Available 2025 reporting shows a pronounced national decline in violent crime — driven most notably by a historic drop in murders — with multiple independent samples and city reports indicating year‑over‑year decreases in homicides, shootings and several other offenses [1] [2] [3]. Caveats matter: the FBI’s final national 2025 estimates were not yet available in these sources and most analyses rely on samples of cities or voluntary agency reporting that historically correlate with federal figures but are not the formal national tally [4] [5].

1. A dramatic national fall in homicides: how big and how confident are analysts?

Several trackers and think tanks report an unprecedented one‑year decline in murders in 2025 — roughly 20–21 percent in sampled data — which would represent the largest single‑year drop on record if borne out by the FBI’s later national estimate [1] [3] [4]. Jeff Asher’s Real‑Time Crime Index, which covers data through October from hundreds of agencies, shows about a 20 percent decline in murders versus 2024 and historically tracks closely with FBI year‑end changes, giving analysts cautious confidence in the pattern [4] [1].

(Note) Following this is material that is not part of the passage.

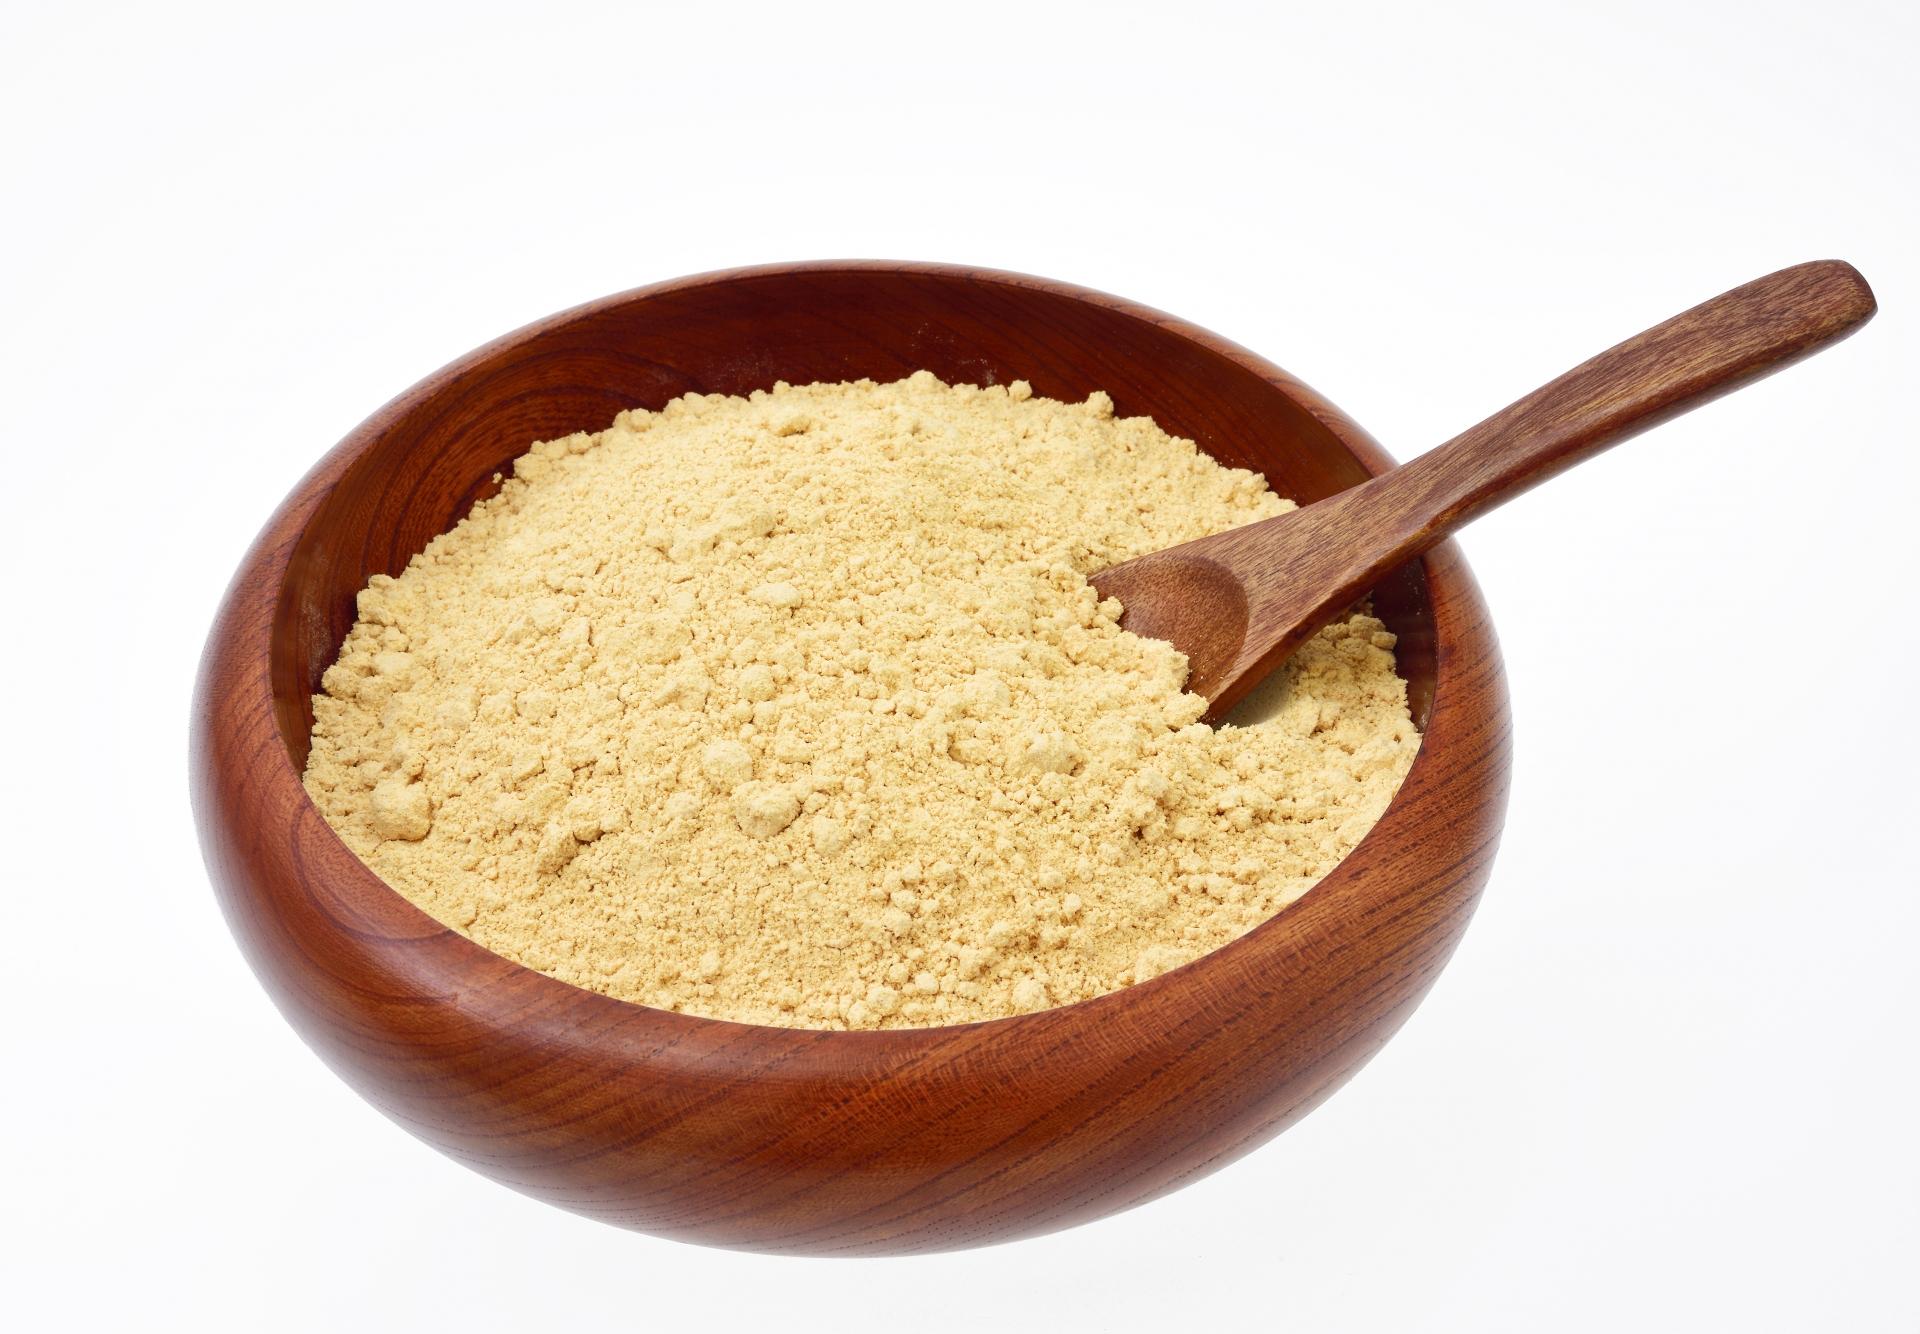 大豆イソフラボンが豊富に含まれる「きな粉」の薄毛効果の実力とは

2. Broader violent‑crime trends: consistent declines across cities and categories

Independent analyses from the Council on Criminal Justice and media summaries of city data show violent crime falling across many metropolitan areas in 2025, with year‑over‑year decreases reported in a majority of the tracked offenses and 11 of 13 offense types down in the Council’s mid‑year sample [6] [7]. Multi‑city reporting found 25 percent fewer homicides compared with 2019 in a 40‑city sample and recorded declines in shootings and carjackings as well, though a few cities bucked the trend [8] [2].

3. Local snapshots: striking drops but uneven geography

Numerous city and regional reports underscore large local improvements: Bay Area cities reported a roughly 25 percent fall in violent‑crime cases with San Francisco recording its lowest homicides since 1954 [9], Kansas City announced homicide and nonfatal‑shooting declines with homicides at a seven‑year low [10], and other city datasets show most places trending down while a minority saw increases [3] [8].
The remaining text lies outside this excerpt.